Saturday 20 January 2018

Writing about ideas makes it possible for folk to change their minds


The inestimable Graeme Archer proclaimed yesterday - on Twitter, which is the modern equivalent of what my late colleague David Emmott called 'just pub talk' - that nobody changed their minds reading stuff so it was pointless writing it (I write this from memory as I can't find the Tweet). And that's cool - if you write opinion, you have to believe there's a fighting chance of what you read actually changing somebody's mind. What's the point otherwise?

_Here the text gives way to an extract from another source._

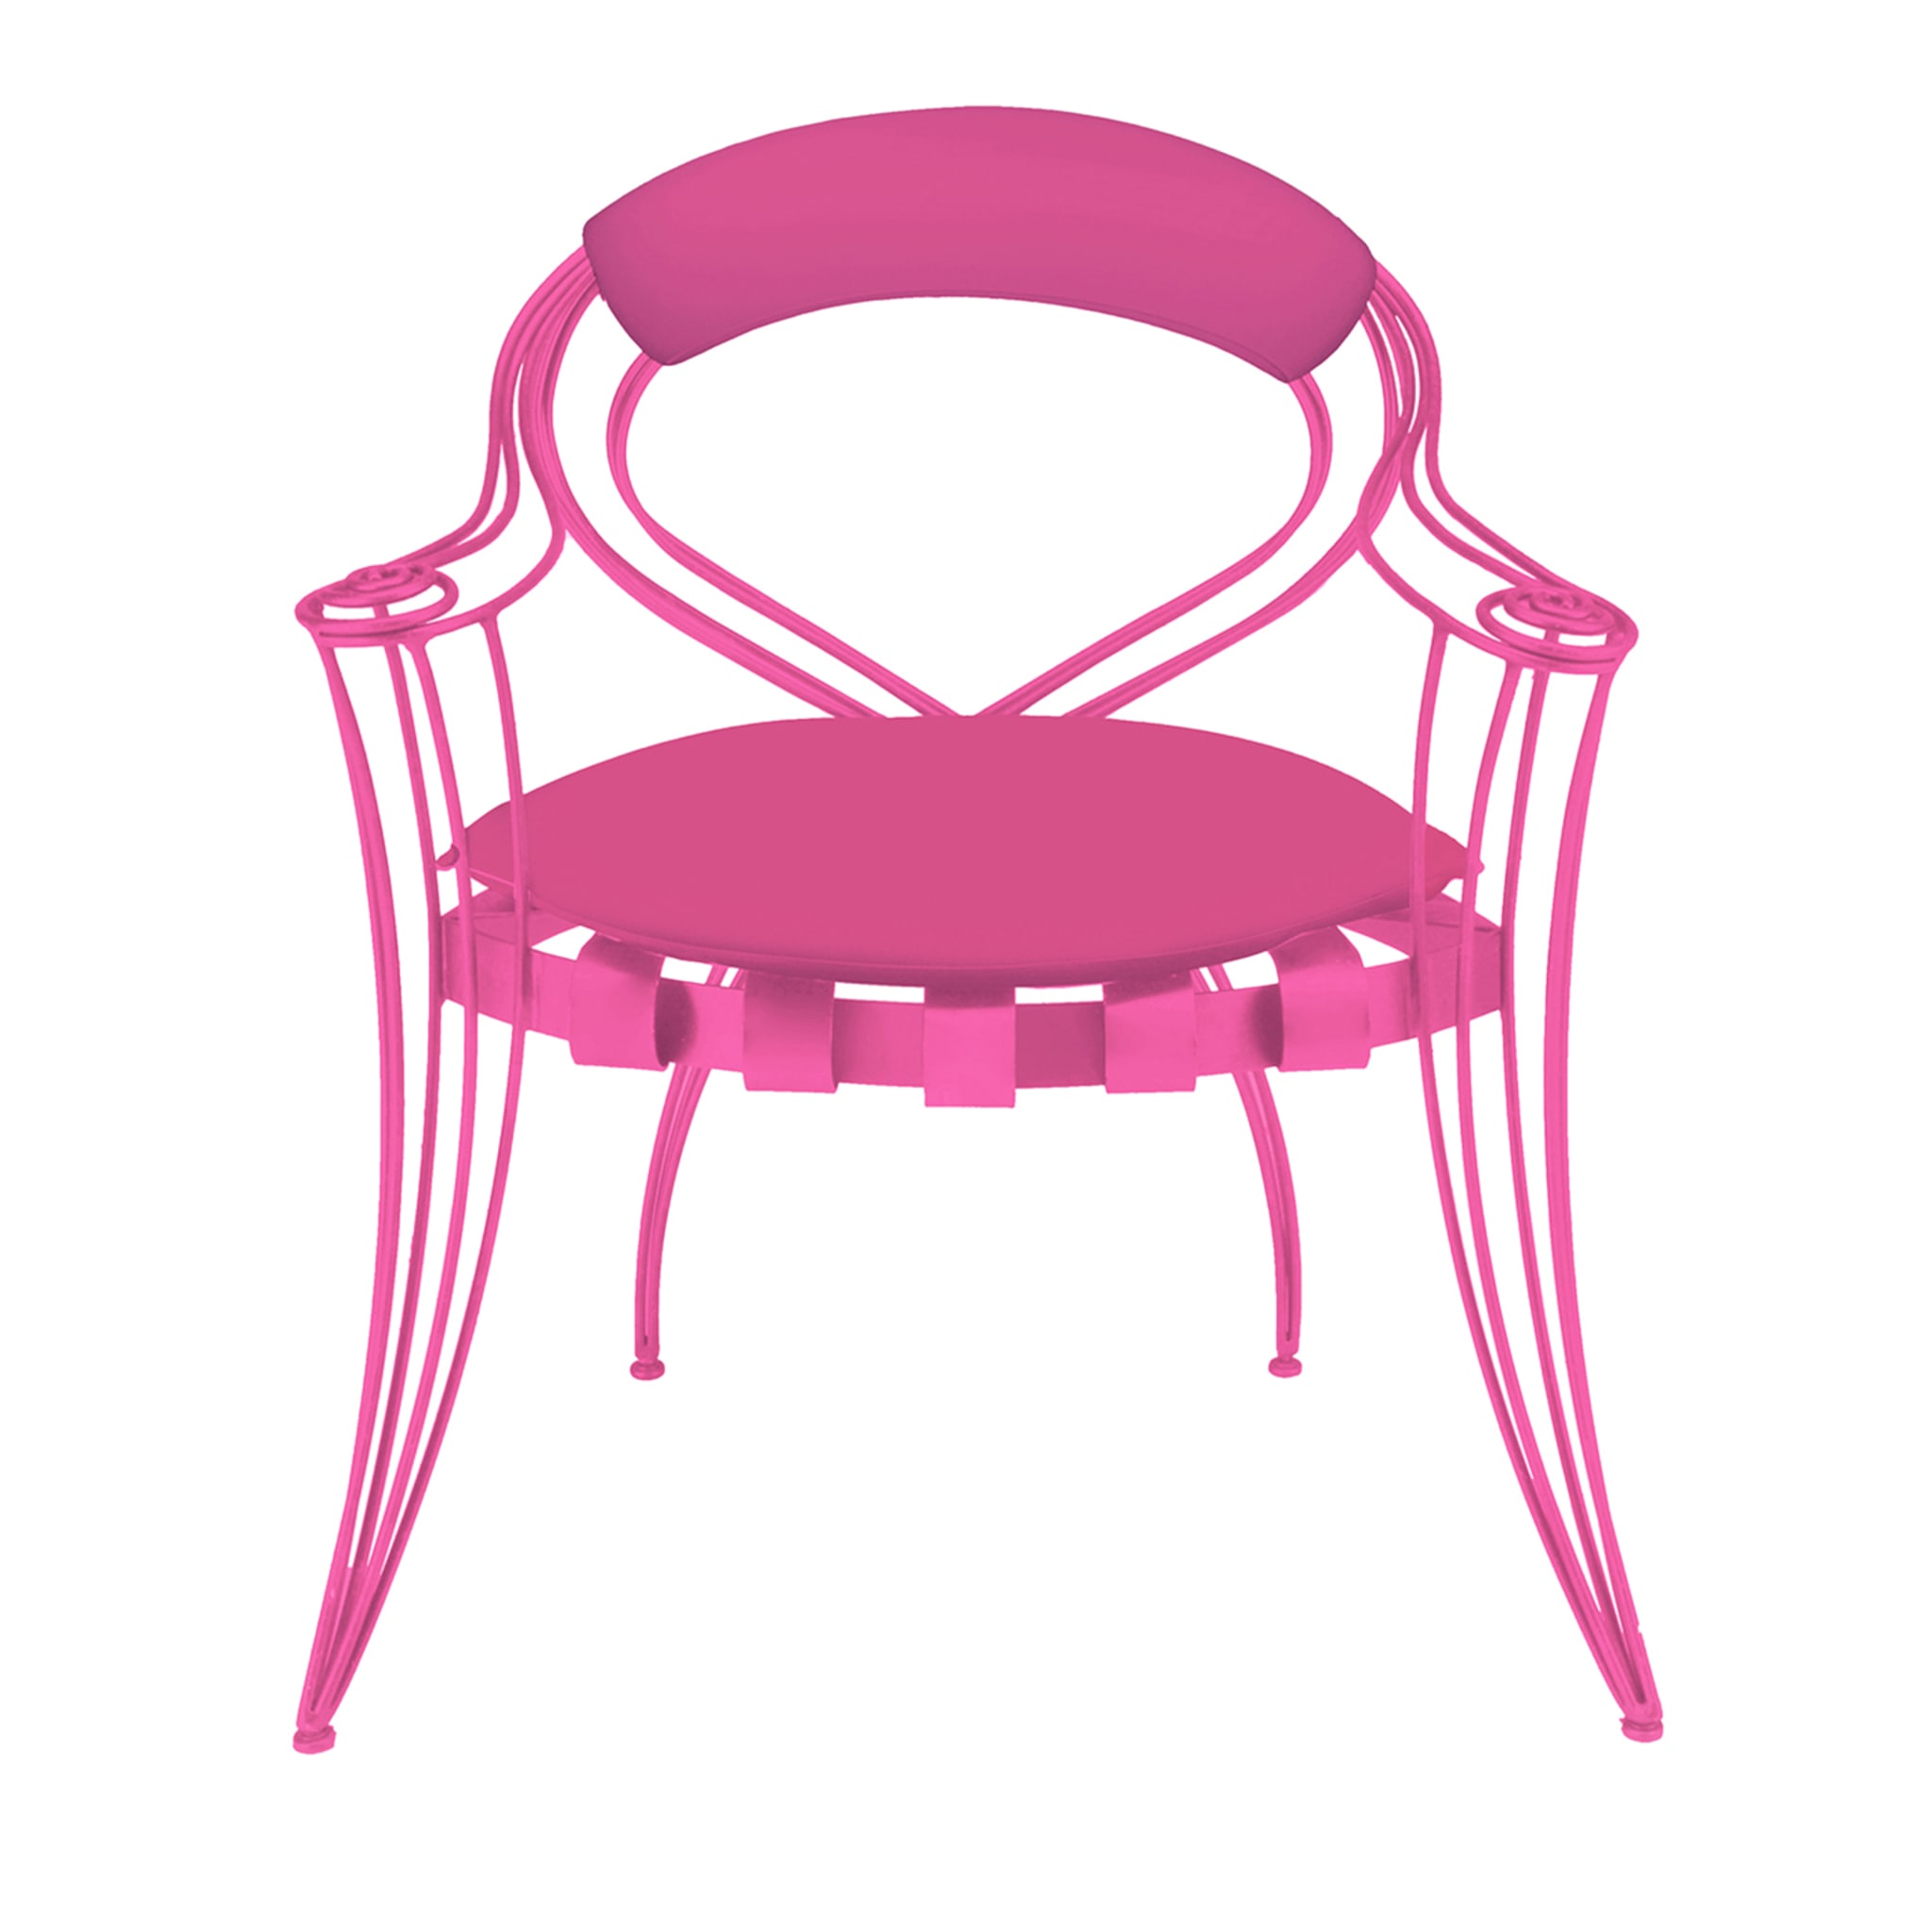 Opus Garden Magenta Chair with Armrests by Carlo Rampazzi - Main view

The thing here is that Graeme's right. We really don't change our minds about things very often and almost never as a result of reading something in a blogpost or hearing something at a lecture. This isn't to say that we don't learn things from these places or, indeed, hear things that make us go wow! I remember being at a lecture about the boundaries of maths where the lecturer (my apologies, I forget her name) said something along the lines of "just because the universe is infinite that doesn't mean it hasn't got an edge". Every day I read things that are fascinating - Josiah Wedgwood created thousands of innovations and refused to patent any of them, the Daddy of Open Source! Our minds aren't changed but they are bigger and we are wiser.

Thing is, we don't change our minds very often about big important matters of ideology, about the faith that's core to the way we see the world. And, when we do change - stop being a socialists, reject belief in God - it's the conclusion of a process not a Damascene conversion brought on by reading an individual article or hearing a solitary lecture. For sure, we do change our minds about mundane stuff - whether we prefer rice or naan with a curry, our favourite singer or how we'd like our hair cut. But on other stuff this doesn't happen often, if at all.

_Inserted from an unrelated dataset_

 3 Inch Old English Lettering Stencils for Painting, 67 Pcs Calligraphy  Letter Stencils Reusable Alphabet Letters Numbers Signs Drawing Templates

I remember a friend who was a Bradford City season ticket holder, a real enthusiast. In one, possibly drink-fuelled moment, he whispered that the result he looks for first isn't City but Arsenal, the team of his childhood. If it's that damned hard to switch allegiance from a team 200 miles away to the team where you live, what chance is there of Graeme or I writing an article and having you change your view about politics, society or the economy? And, just so y'all don't think it's because Graeme and I can't muster an argument, the same goes for even the wisest, wittiest and best-informed. I'm sure there were ancient Greeks meandering back from the agora after another afternoon of Socrates asking difficult questions, who would say 'dunno what he's on about, it's rubbish and I'm sticking with The Gods, you know where you are with The Gods.'

But we know that people do change their ideological minds - non-believers become believers, redemption and true-seeing are real, they're just not pinged by just one article. This realisation might, as Graeme remarked, suggest that writing opinion and ideas is fruitless, purposeless. But perhaps it's not, perhaps the little seeds we plant in the minds of others allow them to think more broadly about their faith, their ideology. As a conservative, doubt is central to my philosophy - everything is to be challenged, questioned and change only follows this process - and for doubt to work as analysis it has to be informed, it needs fuel. And that fuel is the words of people like Graeme Archer and a thousand others, the lumps of coal that come from writers, poets, singers, those speaking in the public square.

So our words, however small the splash they make in the ocean of ideas, matter and we should not be afraid to speak them. Nor should we fear the words of others, the questions and challenges that latter-day would-be Socrates ask in our 21st century town square. No, say those things, put them out into that world of ideas because who are we to know that, for some person out there, those words are an affirmation of belief, a final jigsaw piece in revelation's puzzle, the spark that lights a fire in that person's heart. We don't change our minds very often but, I'm absolutely sure that, were there fewer words from the likes of Graeme that process of change would be more sclerotic and the world would be poorer.